2012/2/29 Gert Doering <g...@greenie.muc.de>:
> The model we follow is "openvpn.exe has the same permissions that you
> already have, so there is no benefit in manipulating anything".

That was my initial assumption, which would imply that there's no
reason to restrict access to the named pipe (apart from making sure
that whoever connects is running as a user with the needed
permissions).

If users can manipulate their openvpn session to do whatever they want
they can also manipulate what gets sent over the named pipe. (I'm not
necessarily talking about malformed messages; I'm talking about
manipulating the routing tables, etc. to contain arbitrary settings.)

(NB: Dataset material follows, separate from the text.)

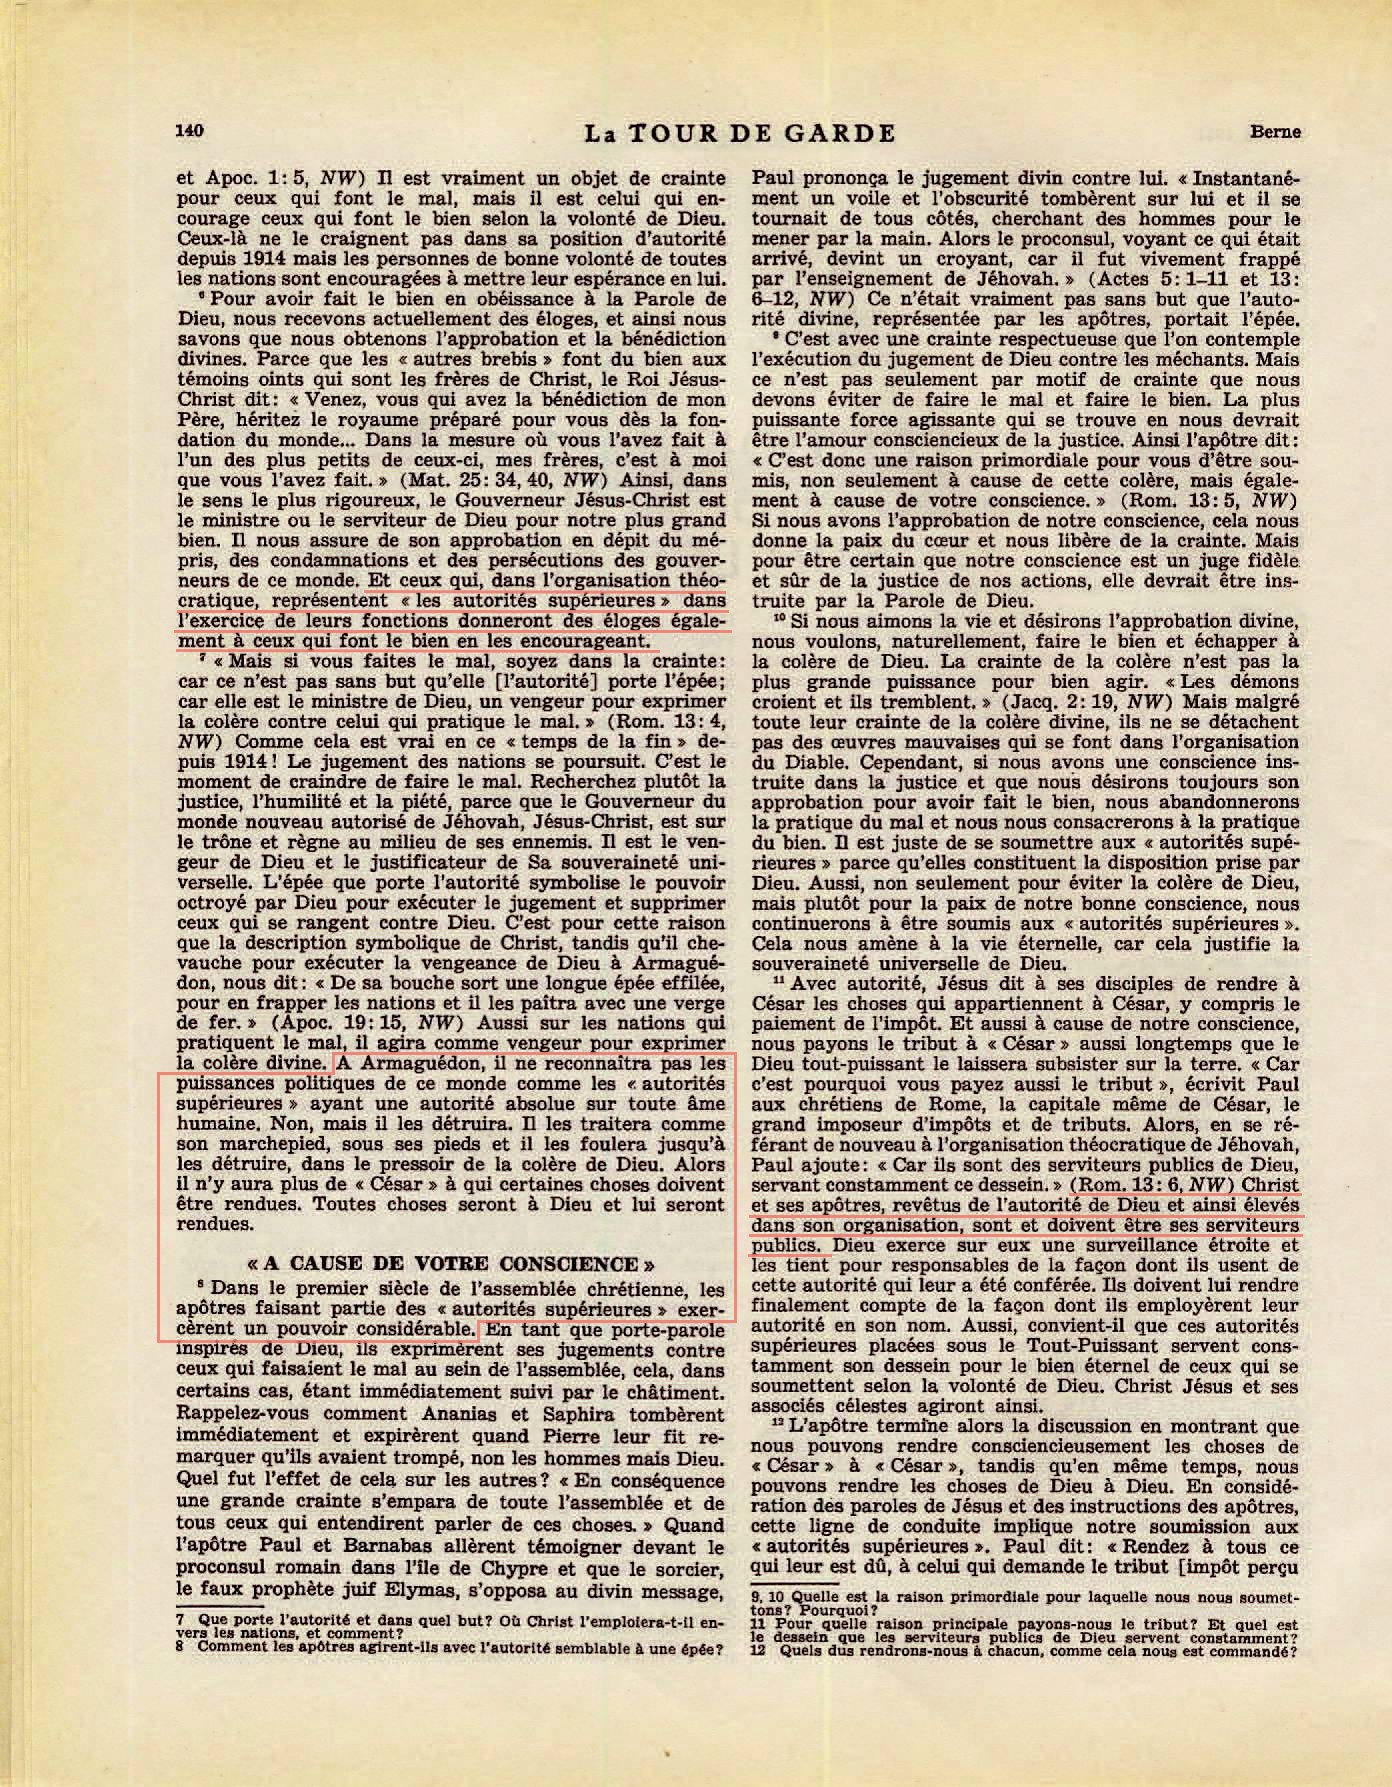 Les autorités supérieures  - Page 2 La-Tour-de-Garde-1-mai-1951-p140

> For those bits that need additional privileges, there's the named pipe
> to the openvpn service - with some very well-defined messages to
> add/delete routes, setup interfaces, and such.
>
> Part of the assumption here is "the user controls the openvpn config",
> and as such, he can make openvpn.exe run arbitrary scripts anyway - and
> to stop this from being a problem, just run openvpn.exe with your uid.

Either I'm misunderstanding Heiko's plans or you two aren't in sync
regarding this point. AFAIU, Heiko intends to safe-guard access to the
named pipe as much as possible, with the underlying assumption that
only a trusted OpenVPN process should be allowed to send somewhat
trusted commands over the pipe. In my opinion, this implies that the
openvpn config would need to be restricted to safe settings in some
way. I'm not (yet?) convinced that this approach can be secure without
crippling the type of tunnels that you can create.